Organizations already do this for a variety of traditional perils, including natural catastrophes, but recent events have highlighted the importance of anticipating emerging threats as well. Organizations should expand their definition of risk beyond well-known threats. Scenario planning, financial stress tests, and other forecasting and modeling tools can also help companies better identify and assess newer threats and provide critical lead time as new and unfamiliar situations emerge.

Managing Insurance Programs

Even as organizations take steps to become more resilient, insurance will remain an essential risk mitigation tool. As they prepare for greater scrutiny and a more challenging underwriting process during 2021 renewals, risk professionals should work with their advisors to position their organizations to achieve optimal outcomes and better manage total cost of risk.

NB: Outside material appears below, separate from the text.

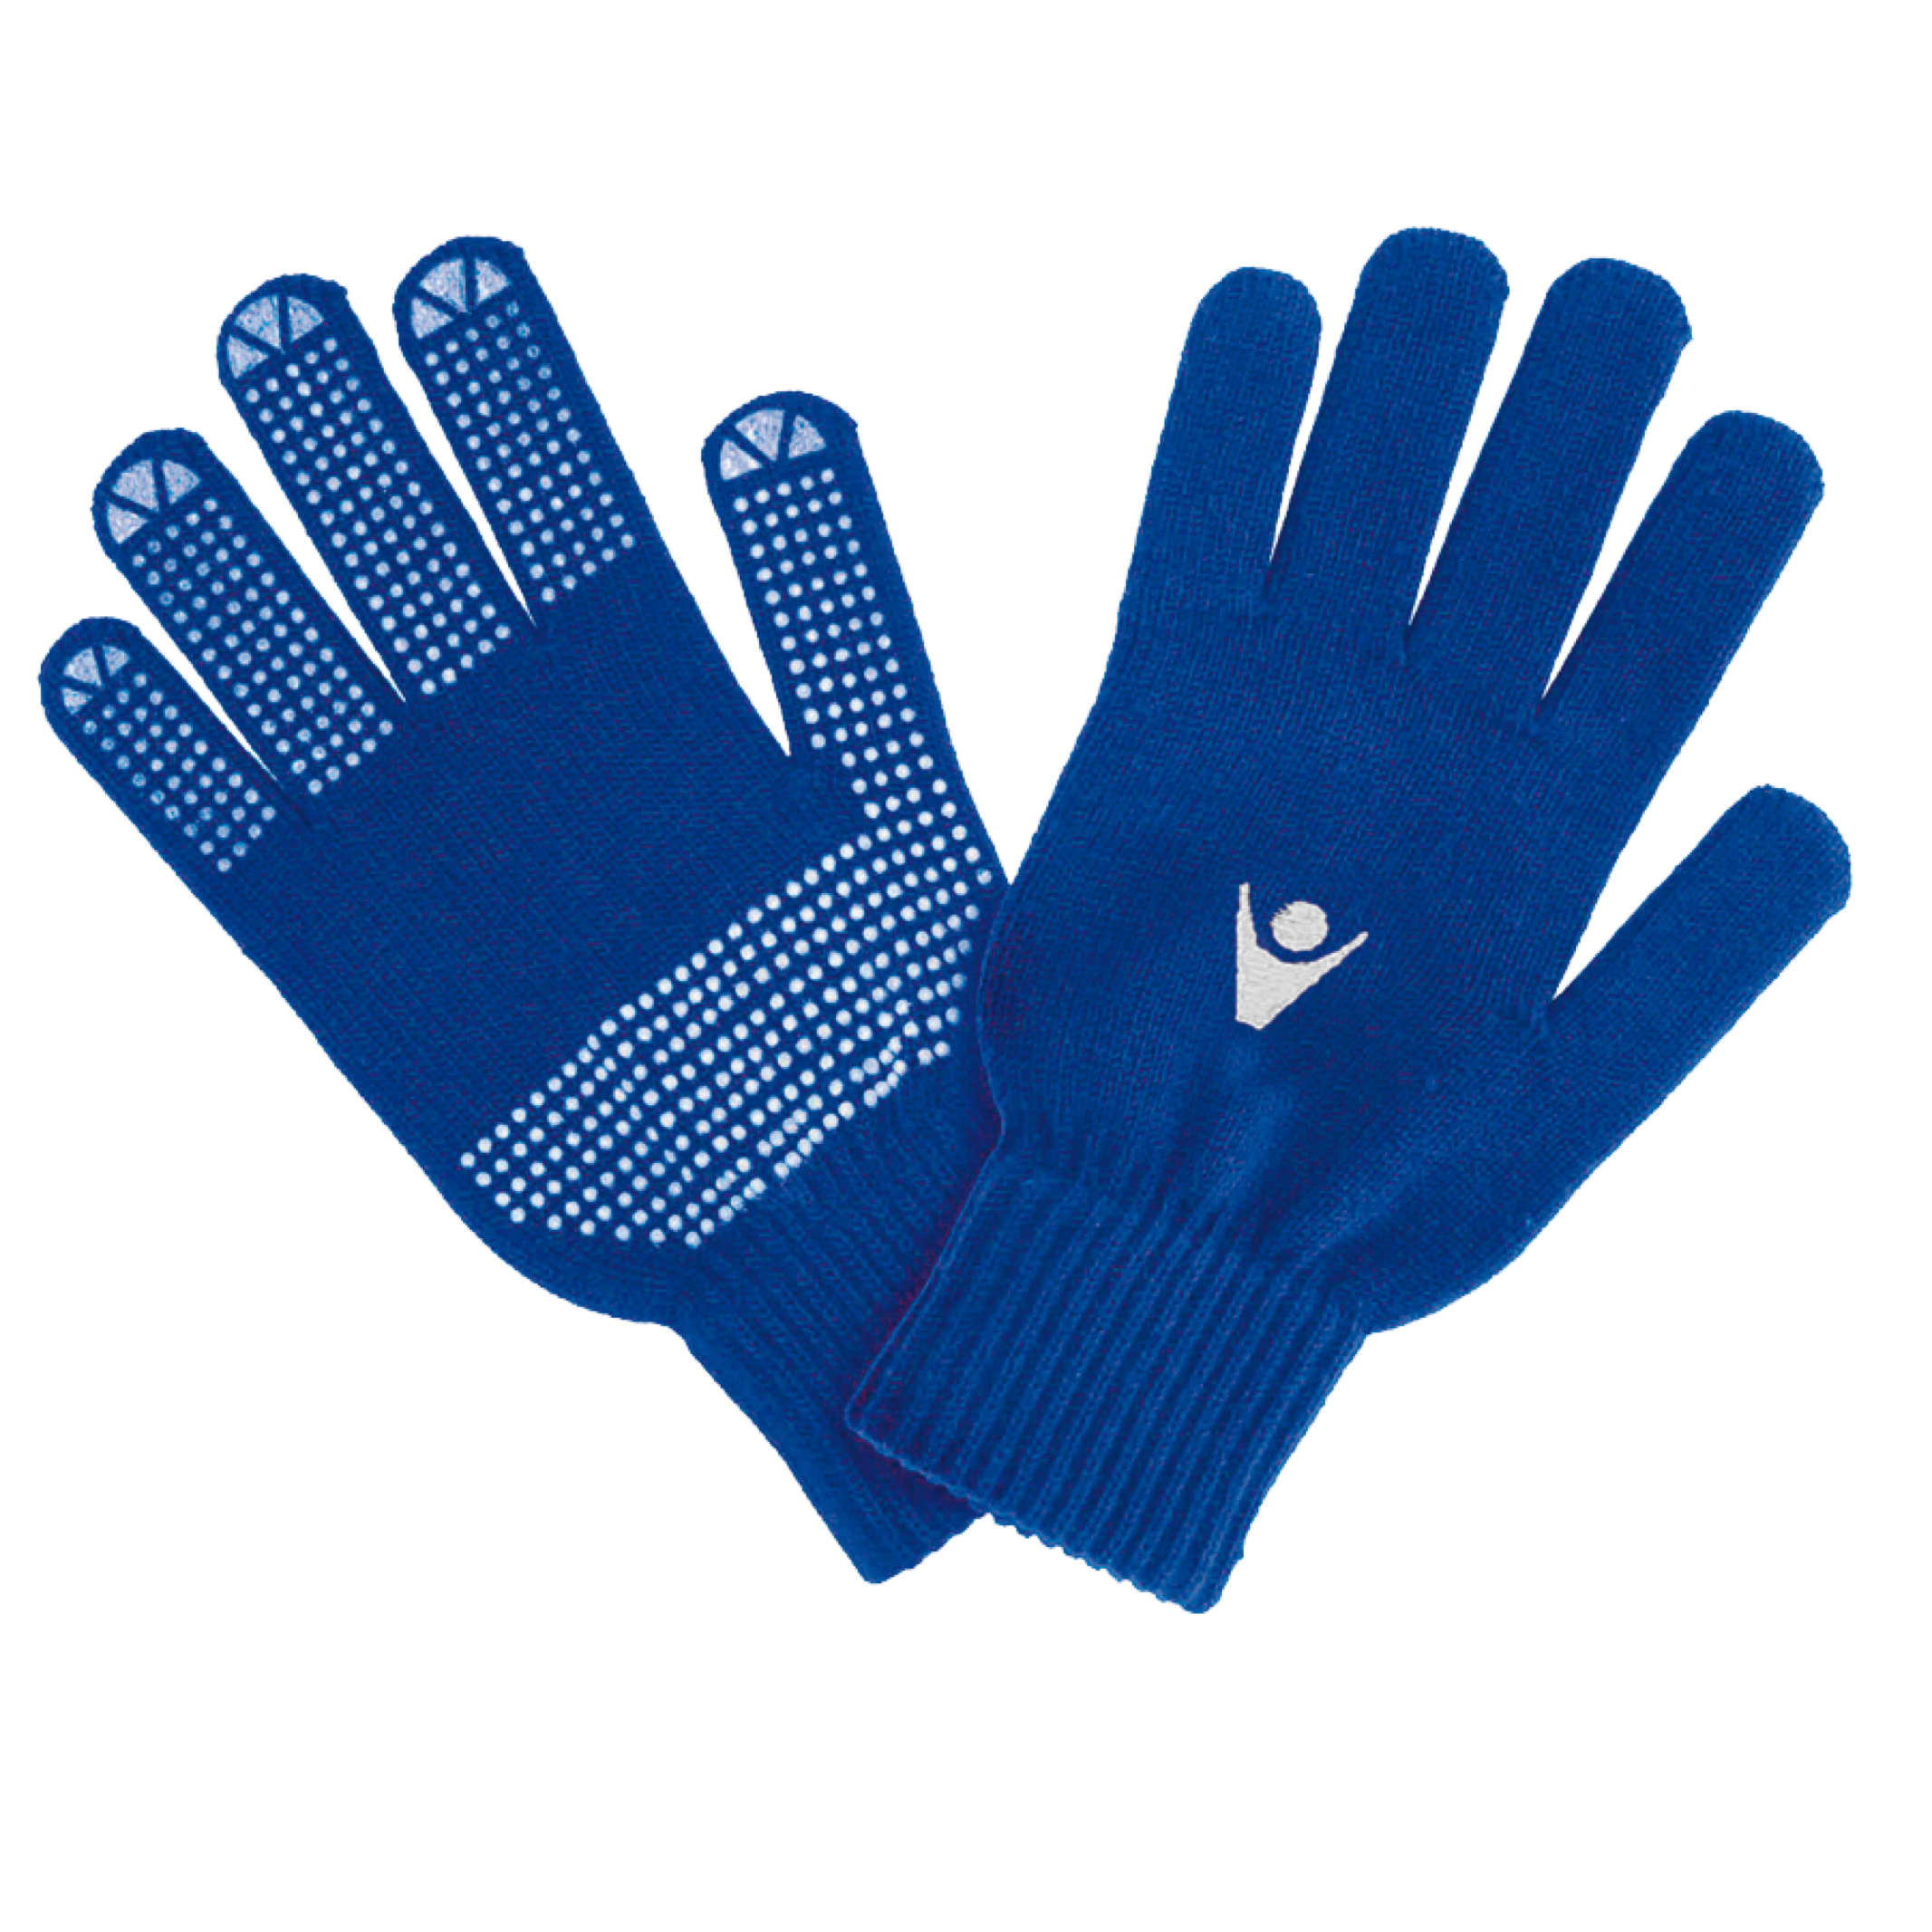 Adelaide Wanderers Gloves - Rivet

Among other steps, buyers should:

  • Manage expectations for senior executives and boards. Stay in regular contact with brokers to ensure you are well-informed of application status and underwriters’ concerns.
  • Set a clear strategy ahead of renewal discussions. Agree on primary objective(s), which could include reducing premium expense, securing comprehensive coverage, or another goal. As you do this, also determine which objectives are essential and which are merely preferable.
  • Involve senior leaders in negotiation processes. C-suite executives can provide additional, qualitative context beyond specific data and other quantitative information, which can better highlight how your risk is differentiated from that of your peers.
  • Consider different approaches and solutions. As commercial insurance prices rise, consider altering your program structure or expanding relationships with specific insurers. Captives and parametric solutions can also offer valuable alternatives or complements to traditional coverage options.